(Beginning of Material for this task)

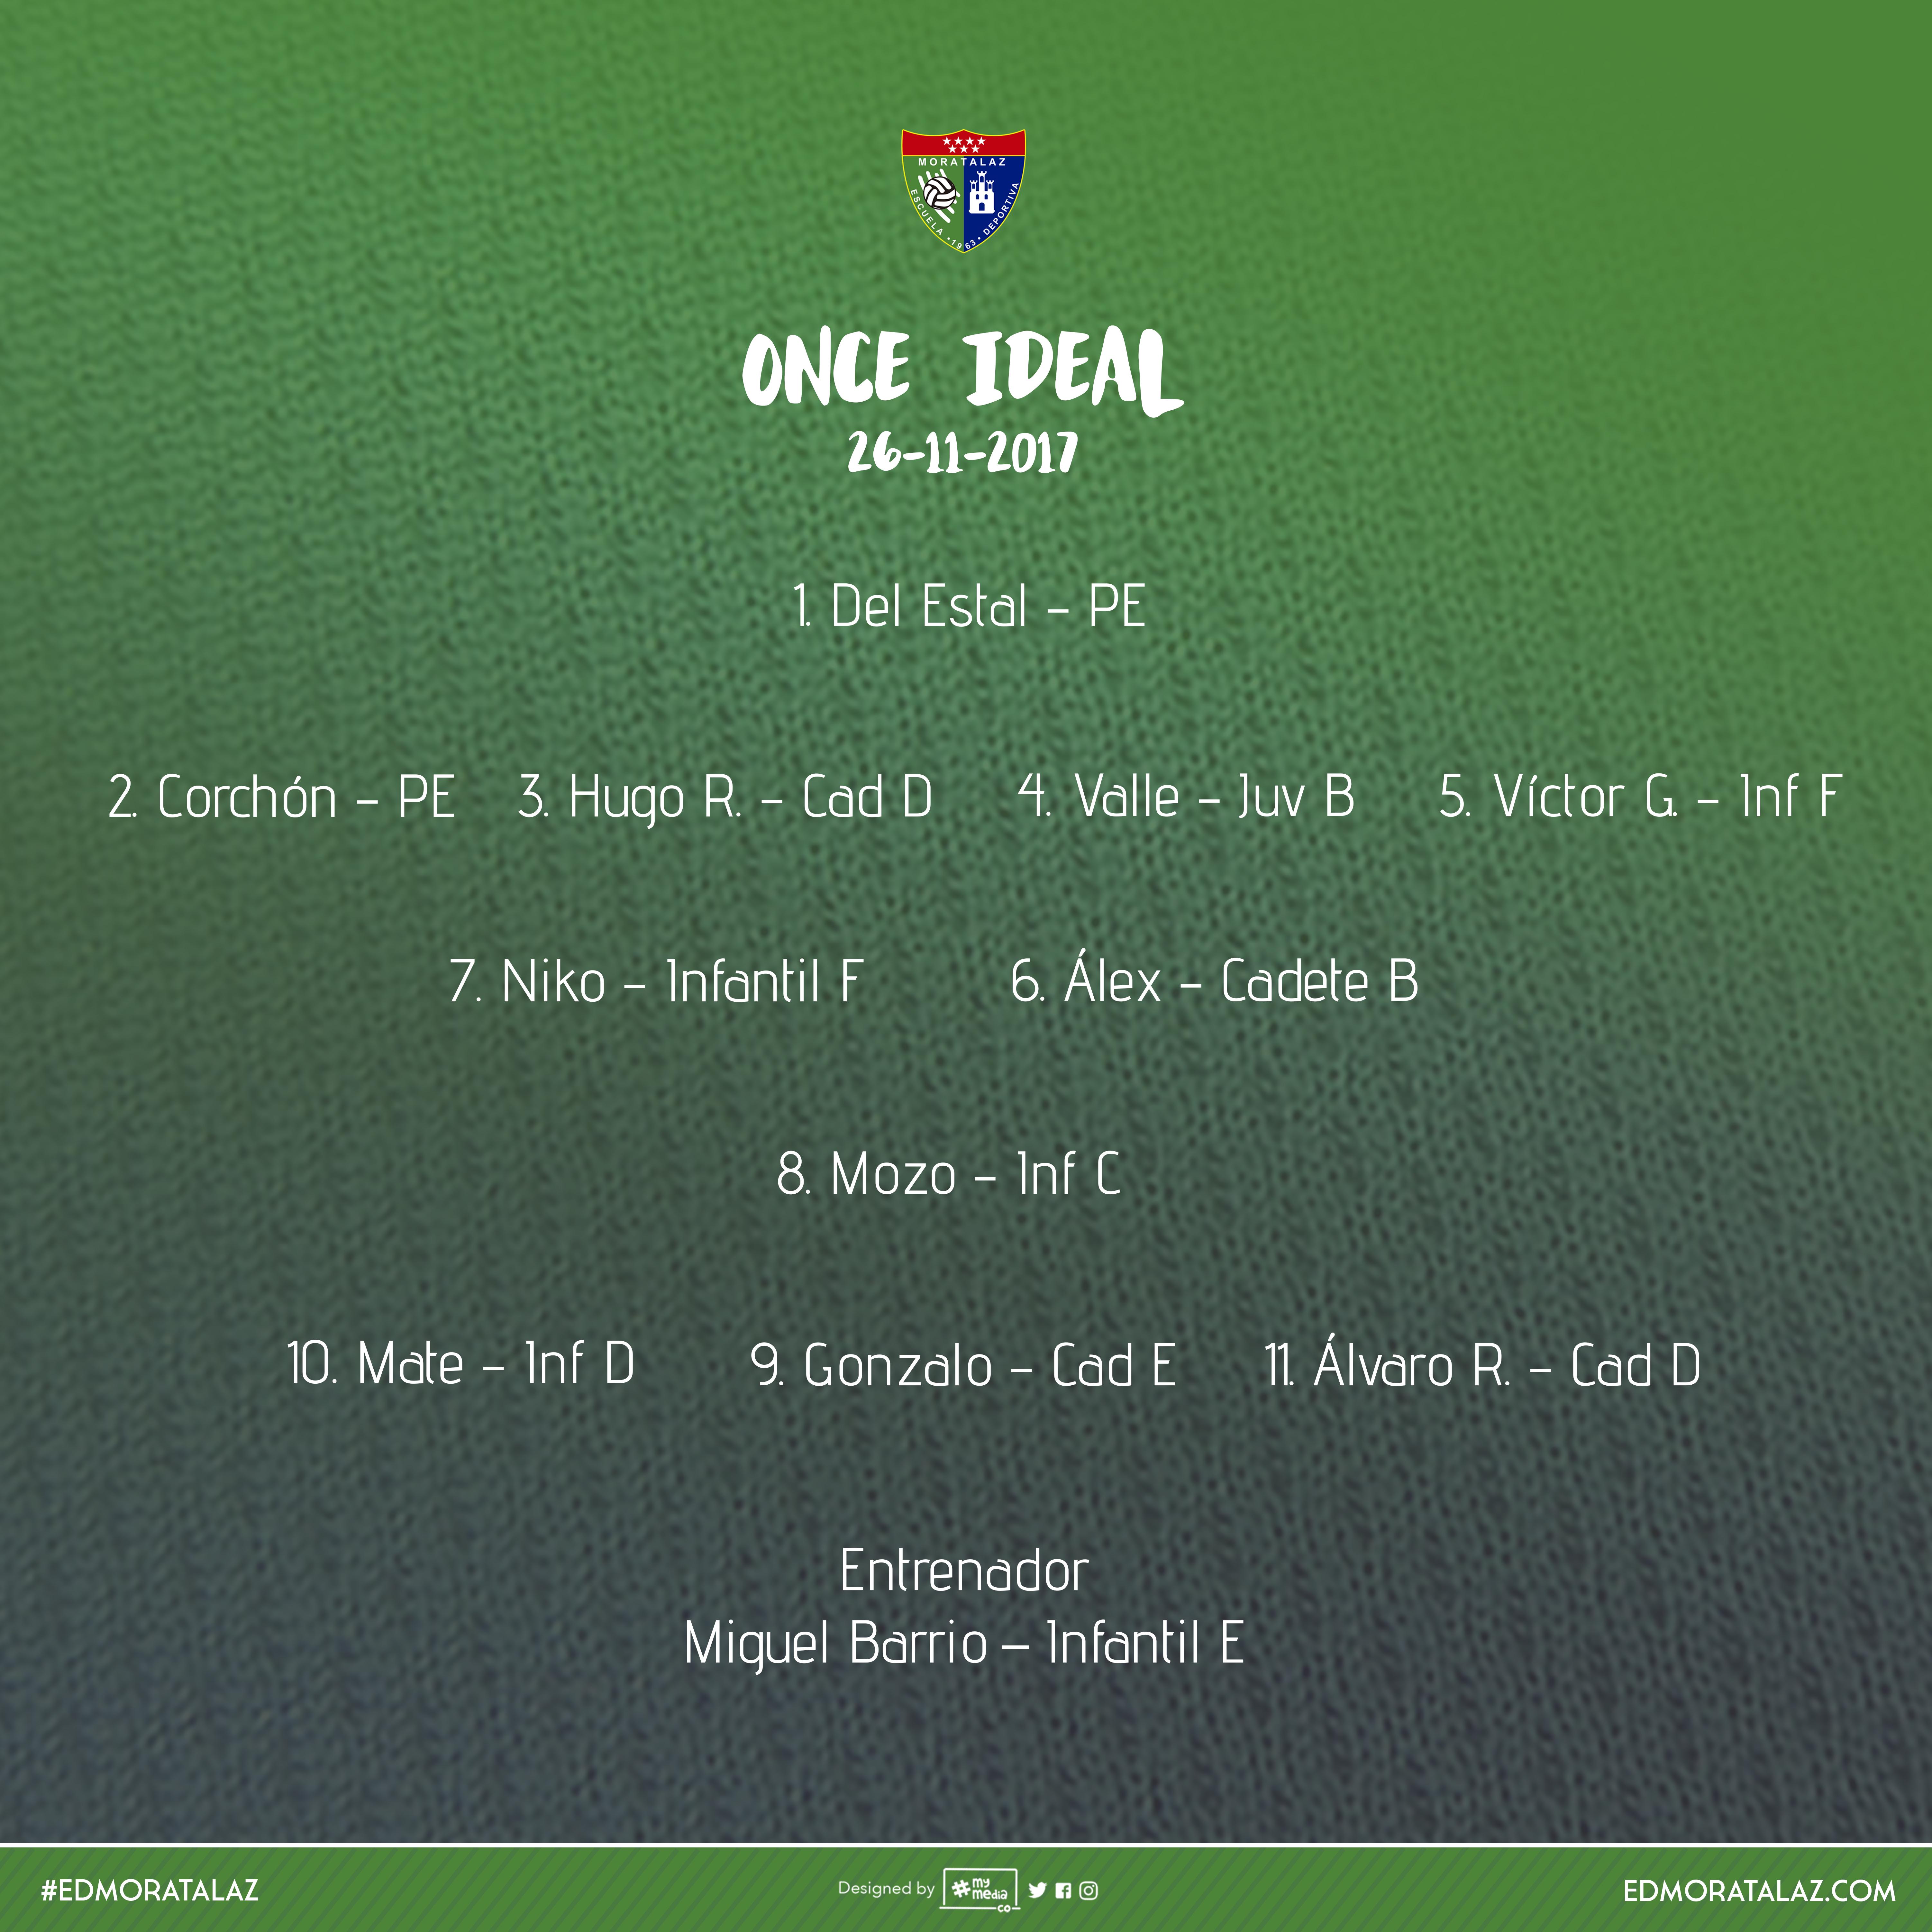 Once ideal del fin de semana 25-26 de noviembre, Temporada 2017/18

(End of Material for this task)
(Beginning of Material for this task)

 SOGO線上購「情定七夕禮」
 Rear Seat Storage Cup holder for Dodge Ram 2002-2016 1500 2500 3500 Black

(End of Material for this task)
(Beginning of Material for this task)

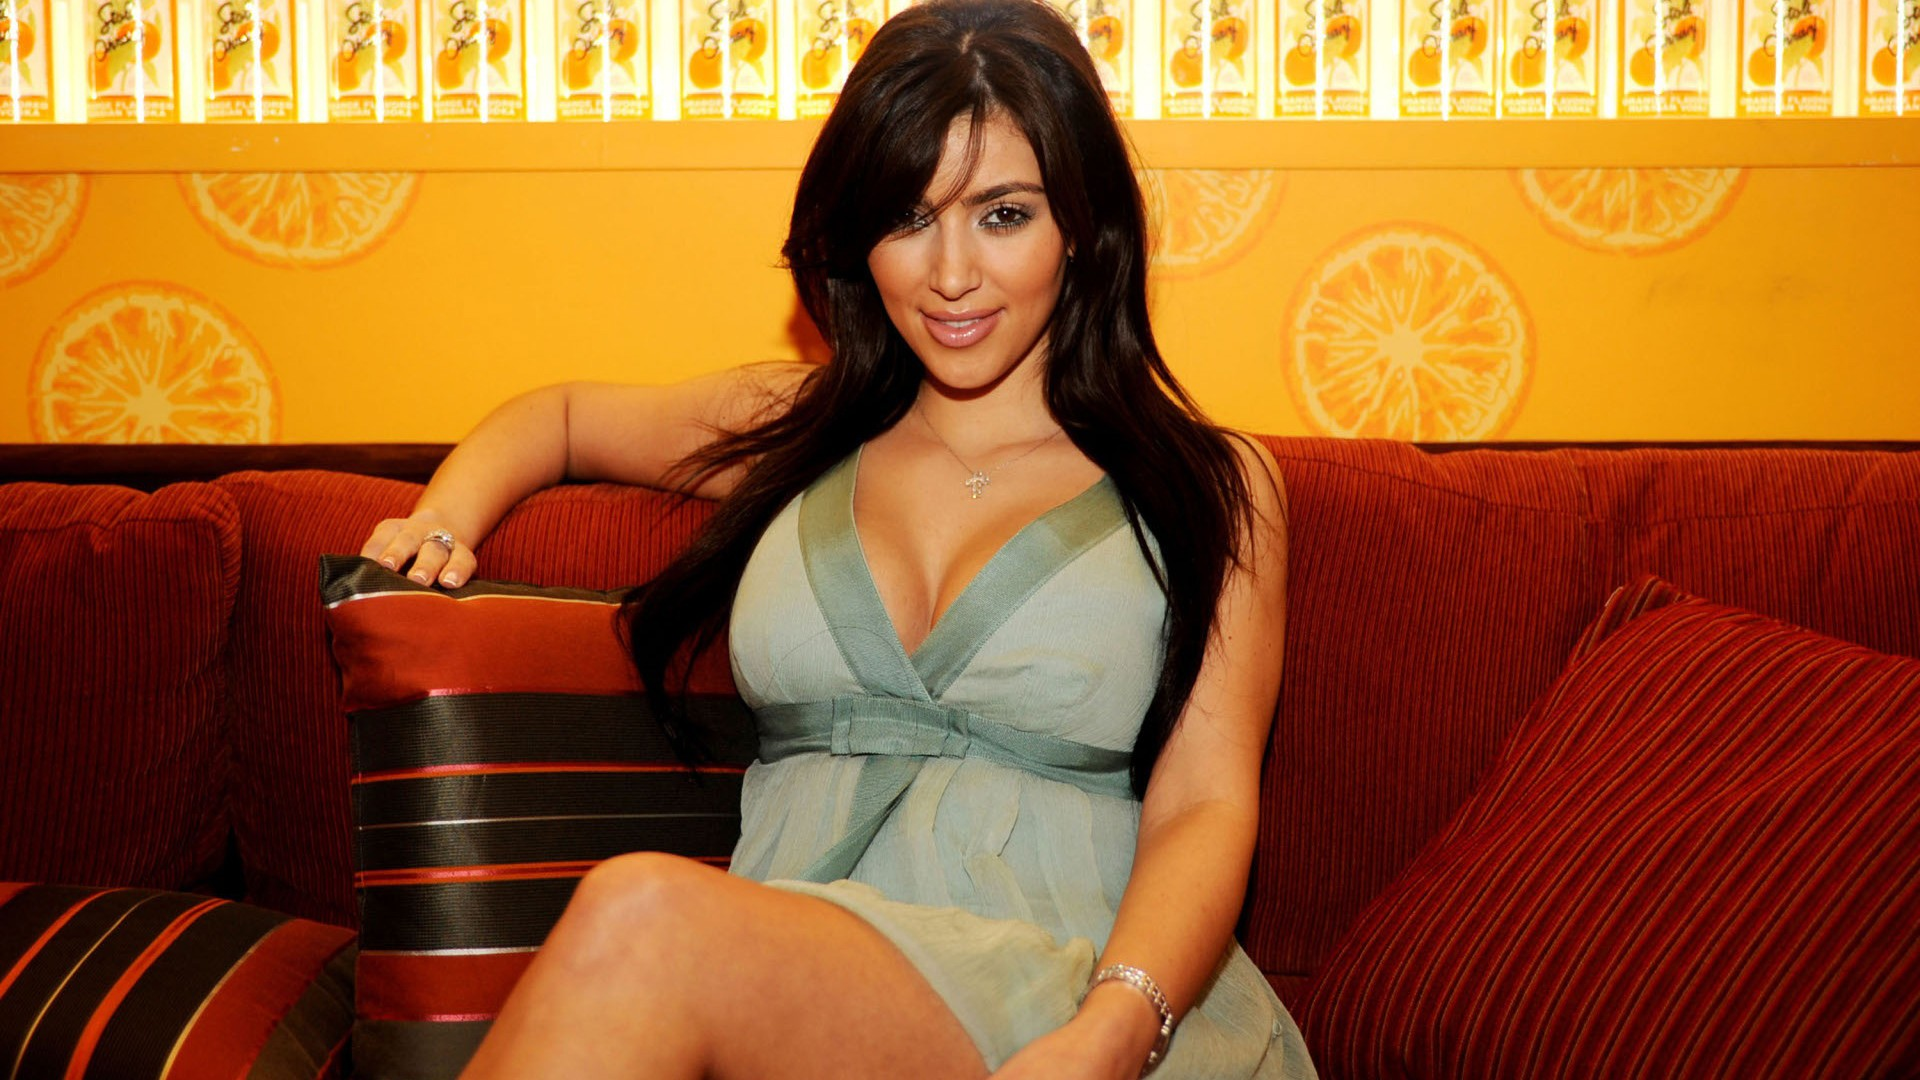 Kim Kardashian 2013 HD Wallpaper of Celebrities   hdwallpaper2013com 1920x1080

(End of Material for this task)

(Prompt)
Of all the entries above, retype exactly the lines from the line with "SOGO線上購「情定七夕禮」" to the line with "Rear Seat Storage", both included, and no others.

(Problem solution)
 SOGO線上購「情定七夕禮」
 Rear Seat Storage Cup holder for Dodge Ram 2002-2016 1500 2500 3500 Black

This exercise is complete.